[Work item] Each line below must be transcribed exactly, and no picture may appear in the transcription.

[Data provided]
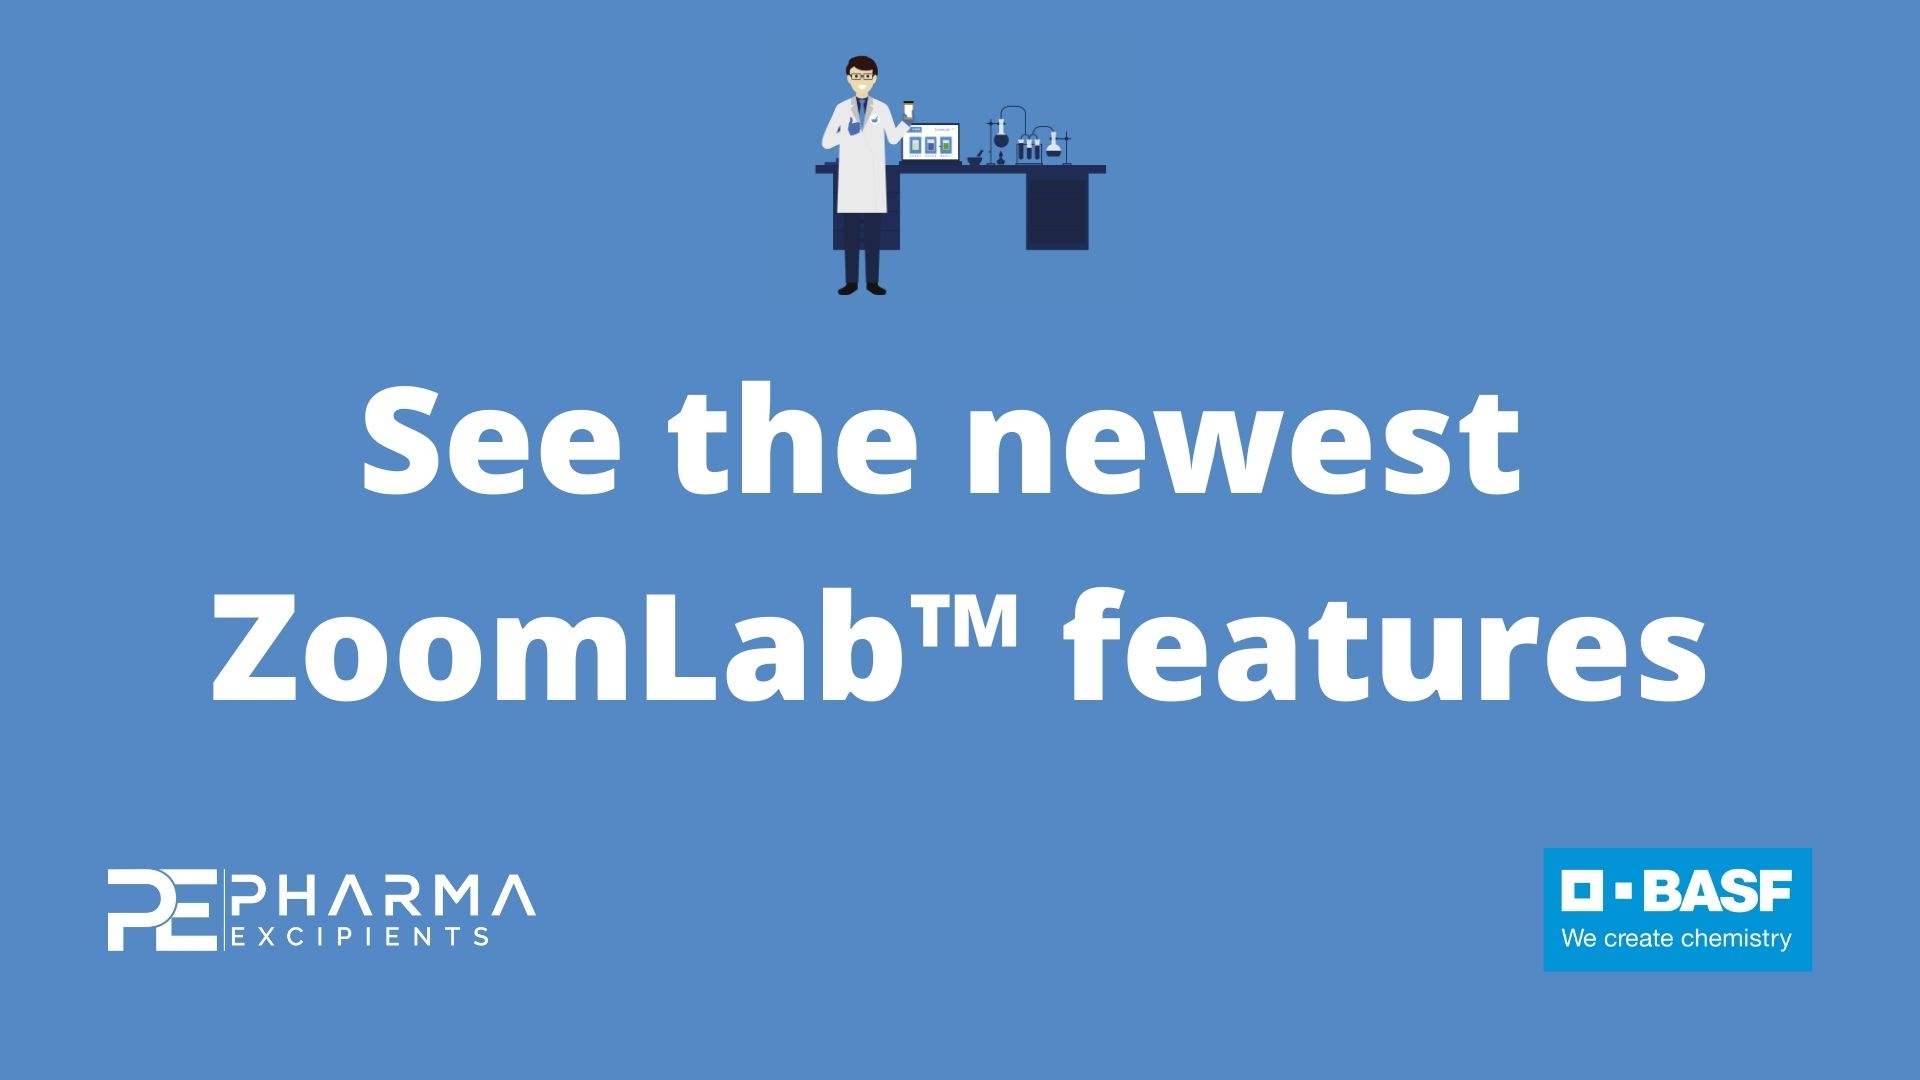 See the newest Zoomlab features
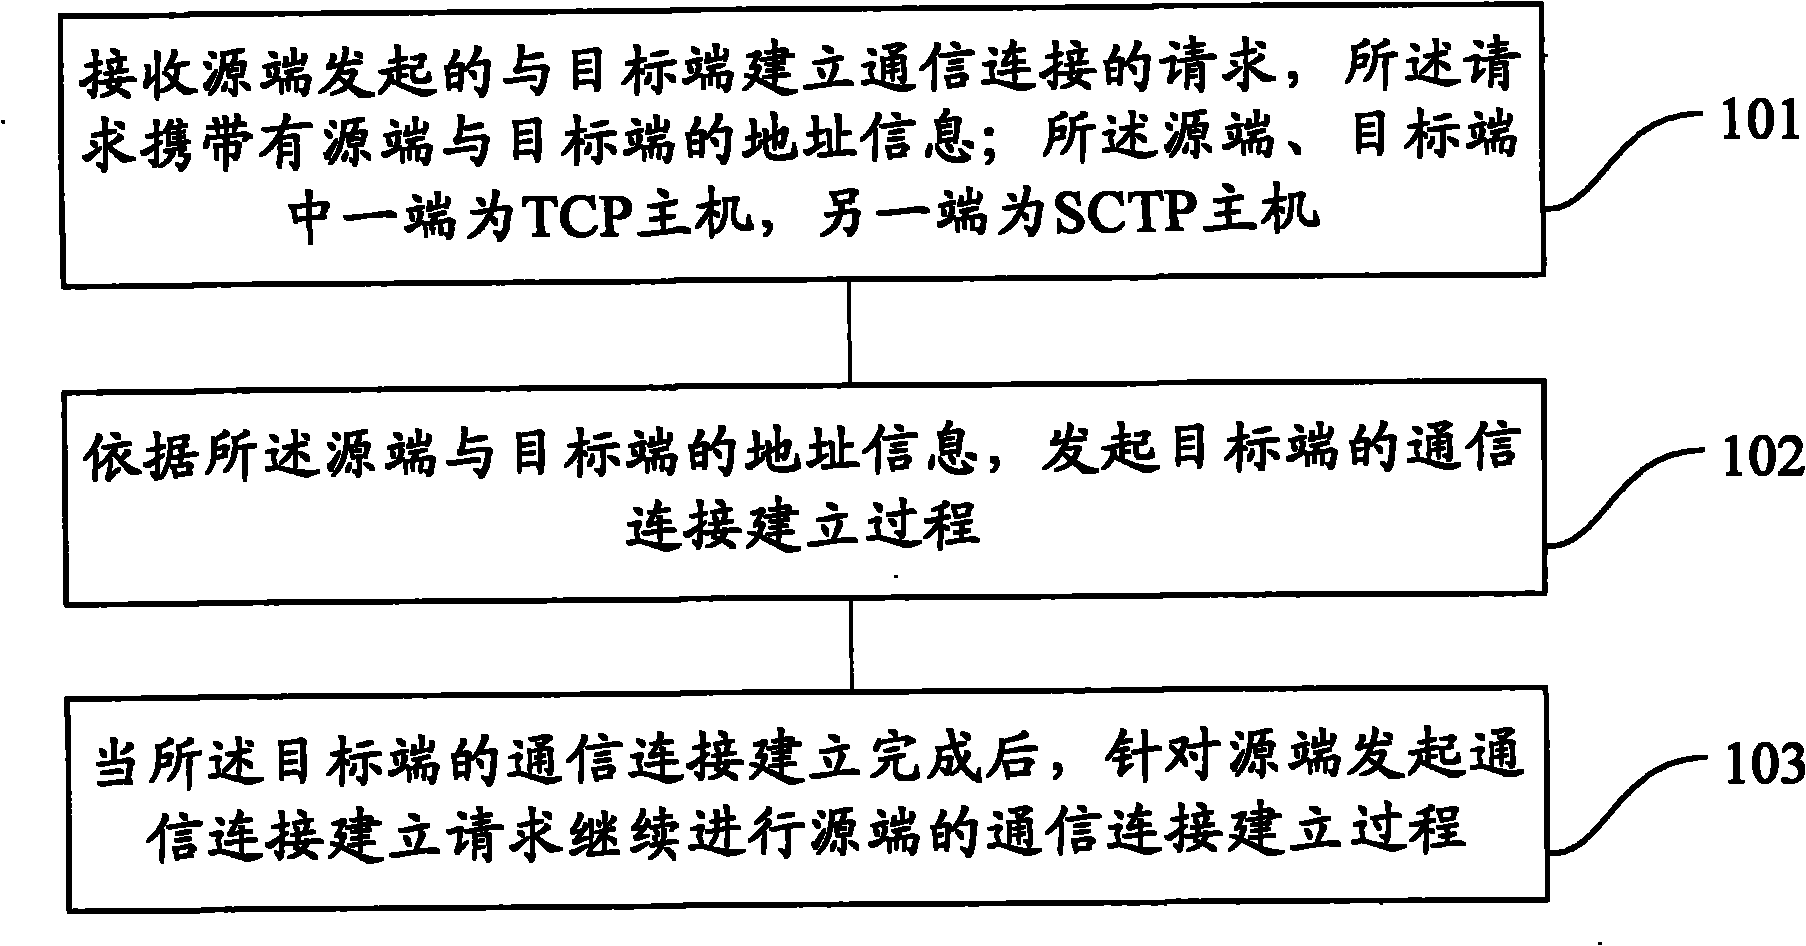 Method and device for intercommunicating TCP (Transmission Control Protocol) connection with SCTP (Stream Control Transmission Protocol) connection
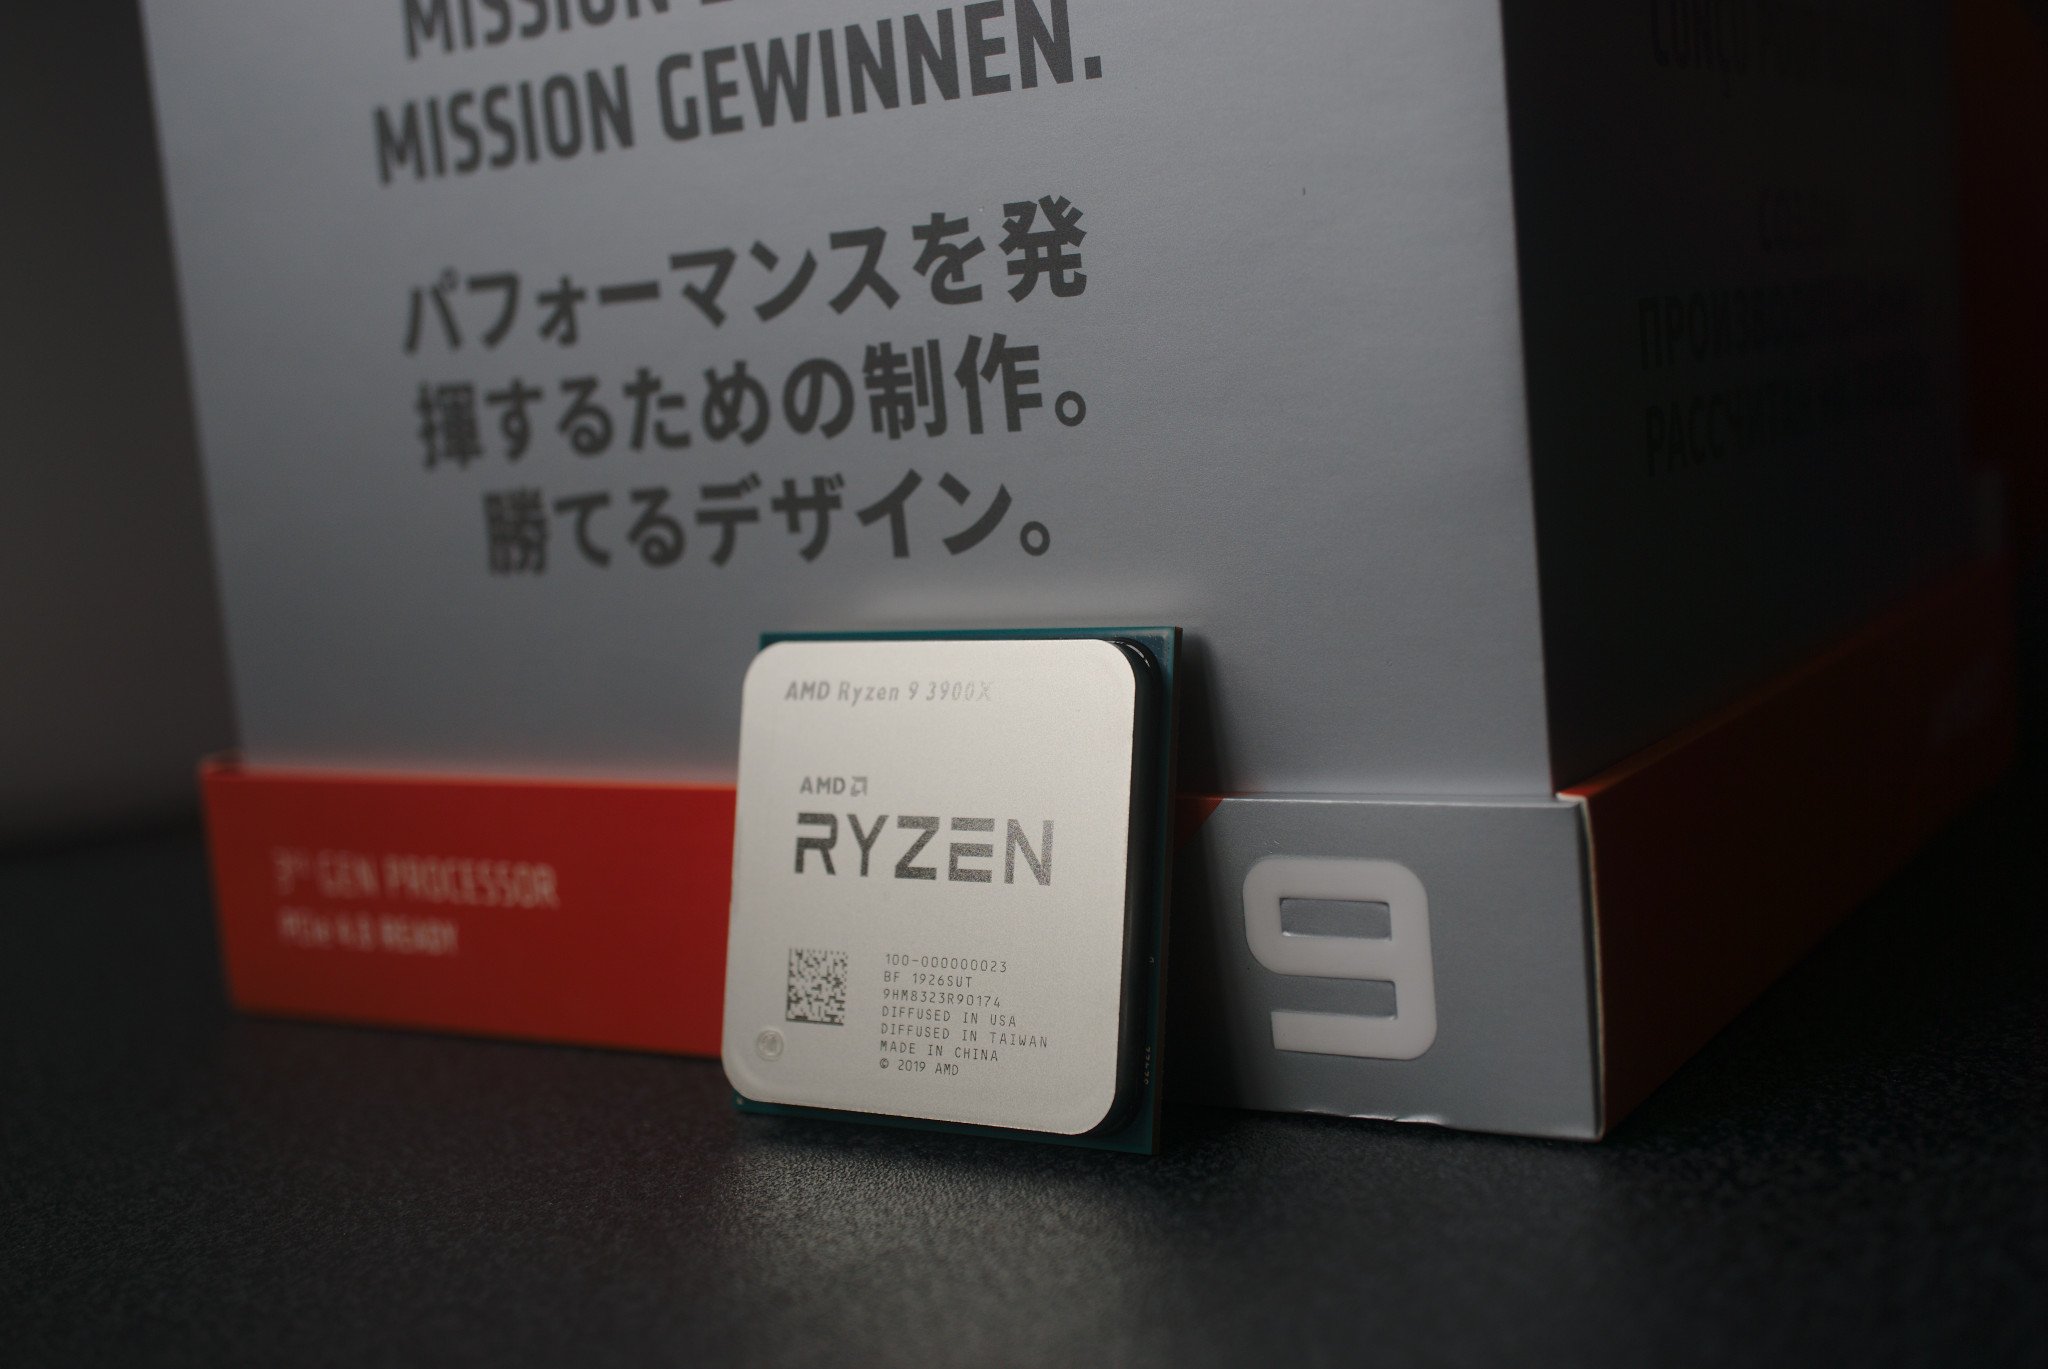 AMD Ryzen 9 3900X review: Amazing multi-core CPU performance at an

[Response area]
 See the newest Zoomlab features
 Method and device for intercommunicating TCP (Transmission Control Protocol) connection with SCTP (Stream Control Transmission Protocol) connection
 AMD Ryzen 9 3900X review: Amazing multi-core CPU performance at an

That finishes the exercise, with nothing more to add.